Justice Marvin Kurz of Ontario’s Superior Court of Justice recently addressed the role of family law counsel in Alsawwah v. Afifi, 2020 ONSC 2883. In a motion for exclusive possession of the matrimonial home in the midst of COVID-19 the parties produced voluminous materials, much of which he characterized as “unnecessary, excessive, distracting and unhelpful.” Near the end of his decision Justice Kurz addressed the role of family law counsel:
106. The role of lawyers in family law cases is a complicated one. That role involves a balancing act of duties towards the client, the administration of justice and even the child before the court.
107. Beyond the balance of those duties, many capable family law lawyers realize that if the cost of victory is too great, everyone loses. Those lawyers realize that their role as advocate should often be as rational counsel not flame-throwing propagandist. Where the client wants to raise the emotional stakes with invective and personal attack, that lawyer must often counsel restraint. While many lawyers who appear before this court recognize [this], all too many, unfortunately, fail to do so.
High-conflict cases are almost universally caused by factual and emotionally driven disagreements rather than disputes about the law. If lawyers are willing they will always be able to find a client who is so emotionally hurt by their separation that they want to fight about every issue and raise every grievance that has arisen from the relationship. The problem is not that lawyers are driving the conflict; it is that lawyers are not stopping their clients’ emotions from driving it.
Litigation is necessary in many cases, and sometimes the circumstances of the proceeding make some degree of conflict and animosity unavoidable.
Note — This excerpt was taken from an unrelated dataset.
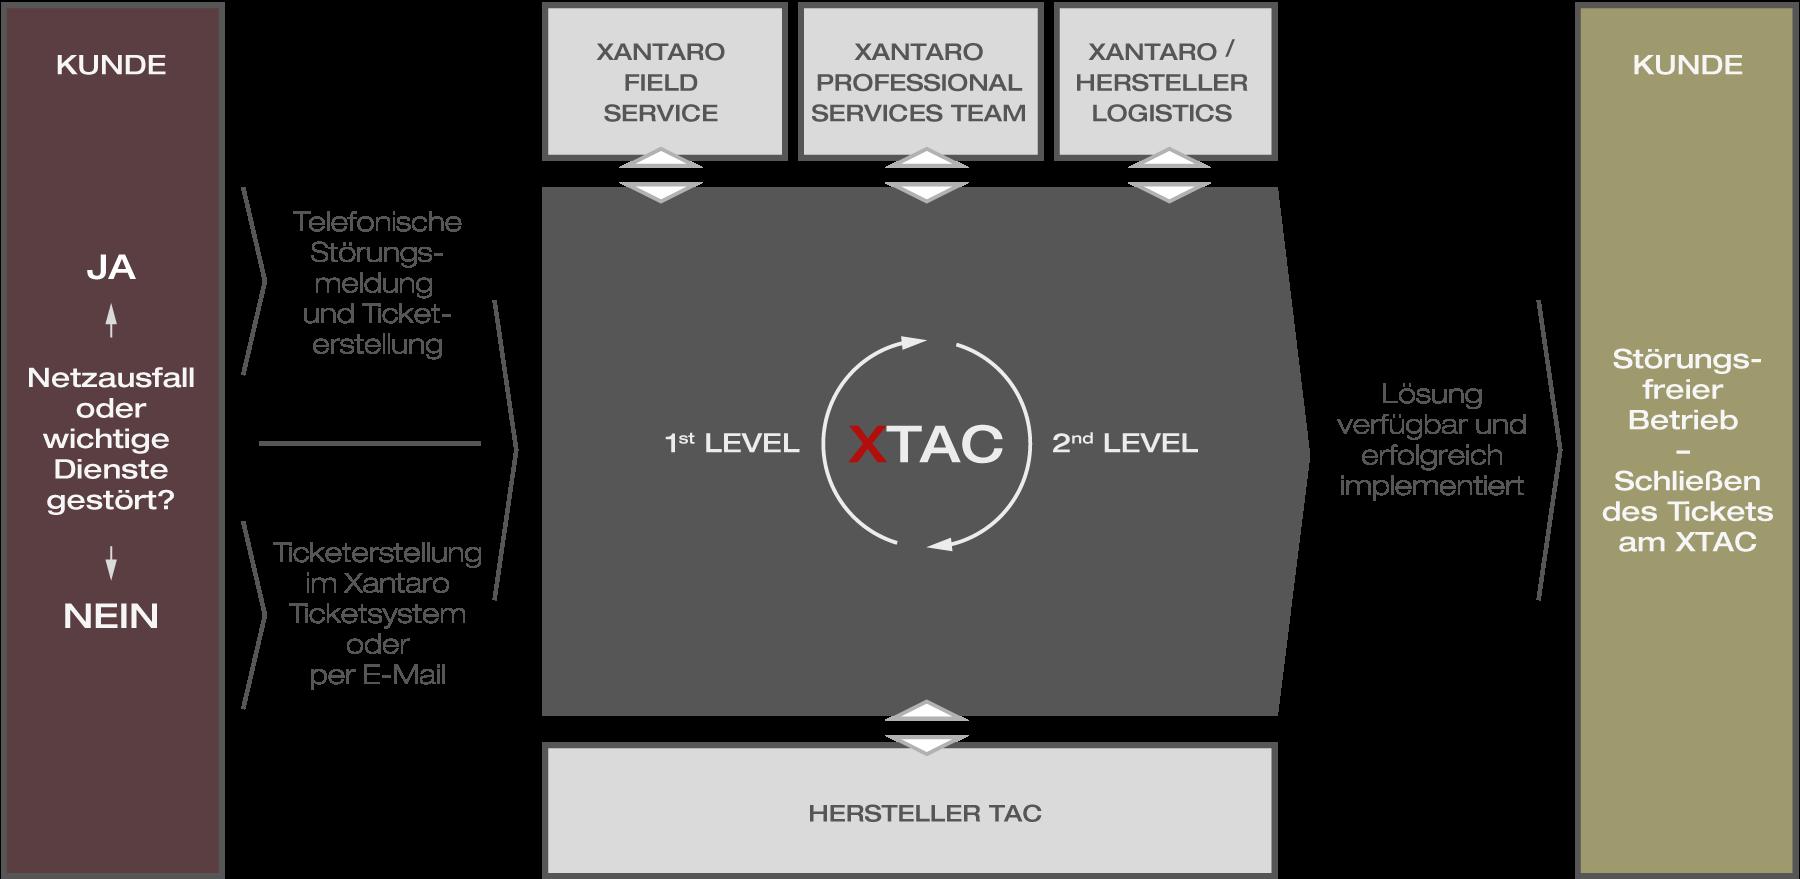 Xantaro XTAC Workflow

Even in such cases counsel have a choice to make between serving as a calming influence in the dispute or being a mouthpiece for a client going through one of the most emotional and difficult experiences of their lives. Counsel can resolutely represent their clients while still ensuring the proceeding remains focused on relevant facts and avoids unnecessary personal attacks or vexatious arguments.
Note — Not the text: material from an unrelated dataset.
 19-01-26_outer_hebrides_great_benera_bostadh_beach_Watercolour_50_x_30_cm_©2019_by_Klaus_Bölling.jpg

At a time when we need counsel to handle family law matters with empathy, reason and restraint, the bar is proving unable to do so in more cases than it should. It is as adversarial and litigious as ever, as evidenced by the annual tradition of “back-to-school motions” which now have the added twist of being made in the COVID-19 era. If lawyers are unable, or unwilling, to change the way they practice law, societies must step forward to compel the change.
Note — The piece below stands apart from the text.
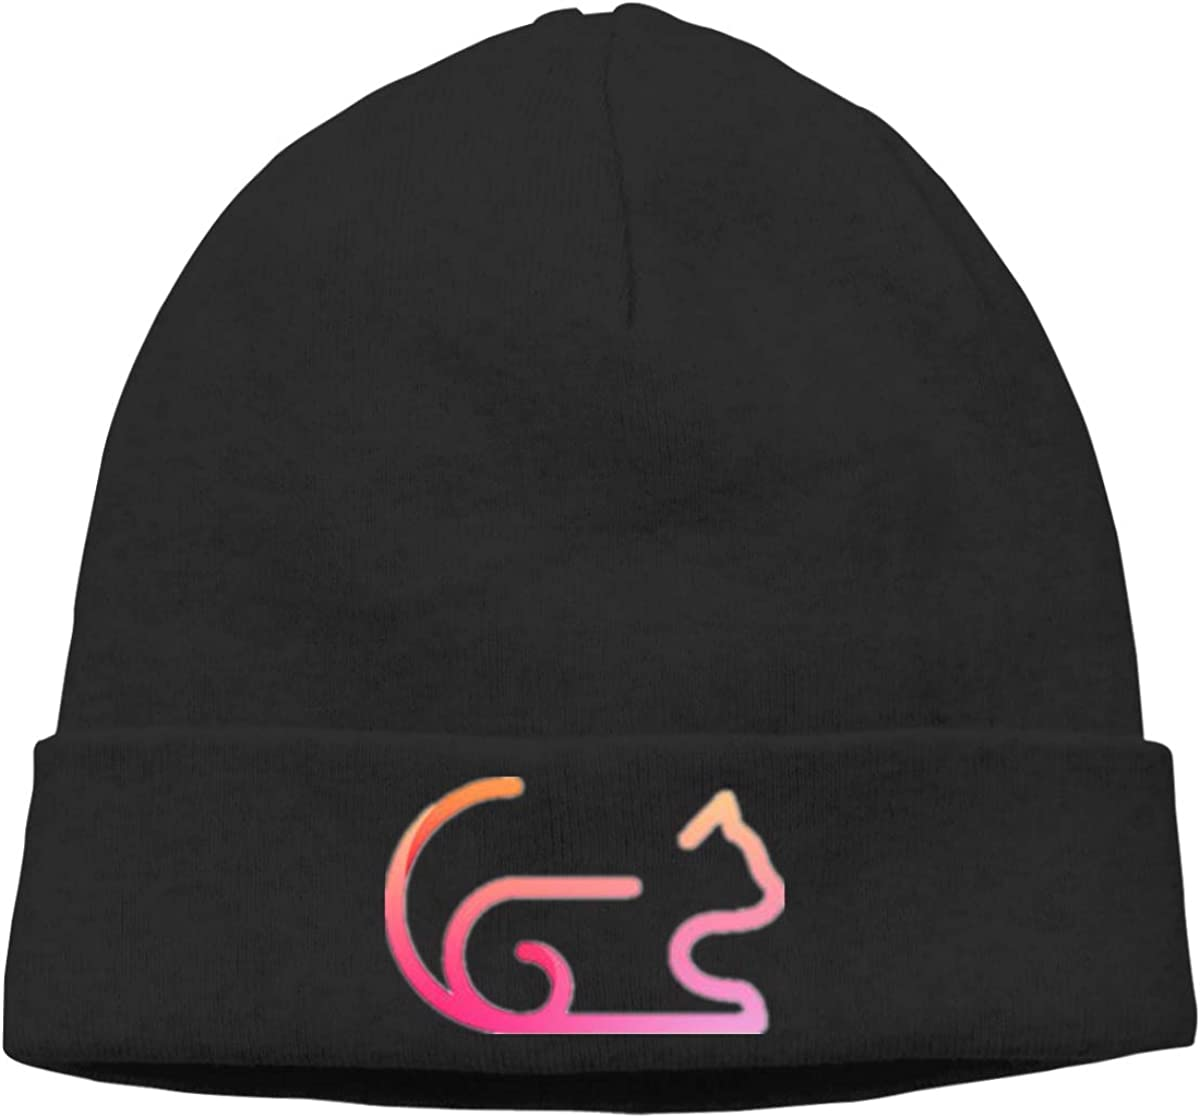 Pink Cat Cap Unisex Cuffed Warm Beanie Hats Ski Slouchy Hat

The current Model Code of Professional Conduct is ill-suited to family law. This is not an area of law where it benefits the parties to “raise fearlessly every issue, advance every argument and ask every question, however distasteful.” As well, the code provides simply that “a lawyer should advise the client to take into account the best interests of the child [emphasis added],” and then only “if this can be done without prejudicing the legitimate interests of the client.” Rules such as these do not encourage lawyers to reduce conflict, and too often provide justification for counsel to allow their clients’ emotions to control litigation.
It must be clear that professional obligations extend beyond courteously advancing any argument one’s client wishes to advance. The Model Code already contains special provisions for prosecutors that vary their professional obligations. A similar rule might be crafted for family lawyers, with commentary providing guidance on how to prioritize competing professional obligations. Such commentary might mandate counsel to consider the emotionally vulnerable state of their clients; make advising clients to consider children’s best interests mandatory; contain a clear prohibition against advancing vexatious arguments; and more forcefully require that counsel promote settlement.
As the saying goes, necessity is the mother of innovation. In the COVID-19 era we urgently need to improve the family law system, but we don’t necessarily need dramatic change. The problems in our system might largely be solved if lawyers stopped being a part of the problem and instead became the solution.